Datiert sind die meisten zwischen 2014 und 2022, einige Dokumente stammen aus den 1990er Jahren. Die Daten wurden unter Federführung des ICIJ gemeinsam mit dem Investigativ-Start-up Paper Trail Media von mehr als 270 Journalistinnen und Journalisten aus 55 Ländern ausgewertet. Für Österreich sind der ORF und „Der Standard“ beteiligt.

Zypern als Oligarchenparadies

Zypern gilt schon lange als Einfallstor für russische und ukrainische Superreiche in die EU und als Paradies für die Betreiber von Briefkastenfirmen. Ein neues Datenleak zeigt das Ausmaß der über die Insel verschobenen Gelder und wie Oligarchen ihren Reichtum durch dubiose Netzwerke schützen.

96 Personen auf Sanktionslisten

In den Files finden sich 25 Personen aus Russland, die nach der russischen Annexion der Krim 2014 vom Westen mit Sanktionen belegt wurden, sowie 71, die seit dem Angriff Russlands auf die Ukraine im Februar 2022 aufgrund ihrer Nähe zum Kreml und zu Präsident Wladimir Putin auf Sanktionslisten gesetzt wurden. Ihnen werden mehrere hundert Firmen und Trusts zugeordnet, die ihnen gehören oder die sie kontrollieren – der Großteil der Unternehmen ist auf Zypern registriert.

67 dieser insgesamt 96 sanktionierten Russen in den Leaks gelten als Oligarchen – und die meisten von ihnen finden sich auf der aktuellen Liste der weltweiten Milliardäre, die vom Magazin „Forbes“ erstellt wird.

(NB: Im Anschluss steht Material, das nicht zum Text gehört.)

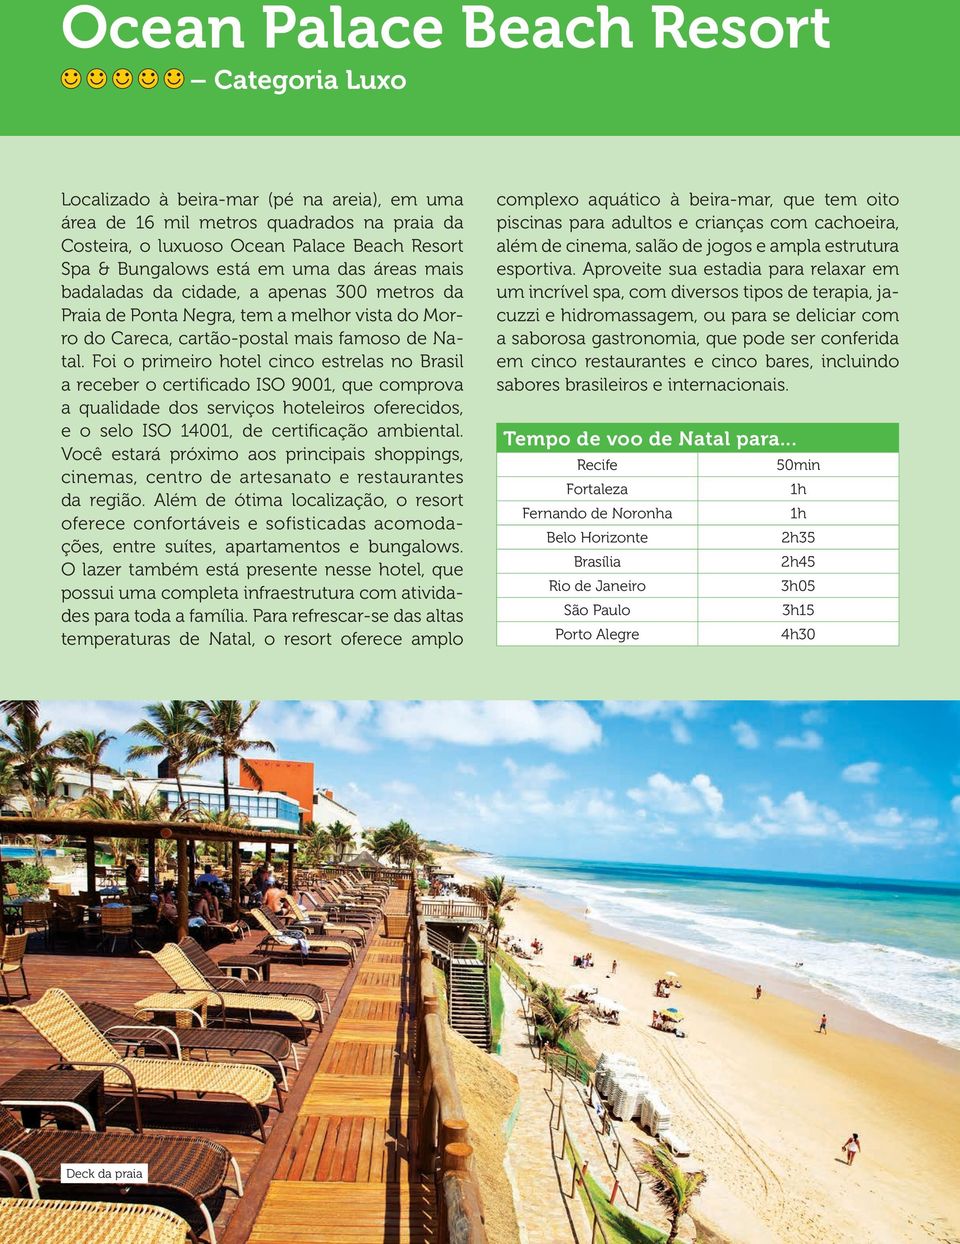 Foi o primeiro hotel cinco estrelas no Brasil a receber o certificado ISO 9001, que comprova a qualidade dos serviços hoteleiros oferecidos, e o selo ISO 14001, de certificação ambiental.

Montage aus den Logos der Finanzdienstleister Cypco Direct, DJC, MeritKapital, Meritservus und Connected Sky
ORF (Montage)
Fünf der sechs zypriotischen Finanzdienstleister, aus deren Bestand die Dokumente stammen

Vermögen vor Sanktionen verschoben

Die Dokumente offenbaren Geldflüsse von russischen Geschäftsleuten und ihren Konzernen über Briefkastenfirmen für den Erwerb von Immobilien, Privatkonzerte von Superstars, geleaste Jachten und den Kauf von Kunstwerken im Gesamtwert von über einer Milliarde Dollar. Die Daten zeigen auch, wie Oligarchen nach dem Einmarsch Russlands in der Ukraine Hunderte Millionen ihres Vermögens verschoben, um kurz vor einer Sanktionierung ihr Geld in Sicherheit zu bringen.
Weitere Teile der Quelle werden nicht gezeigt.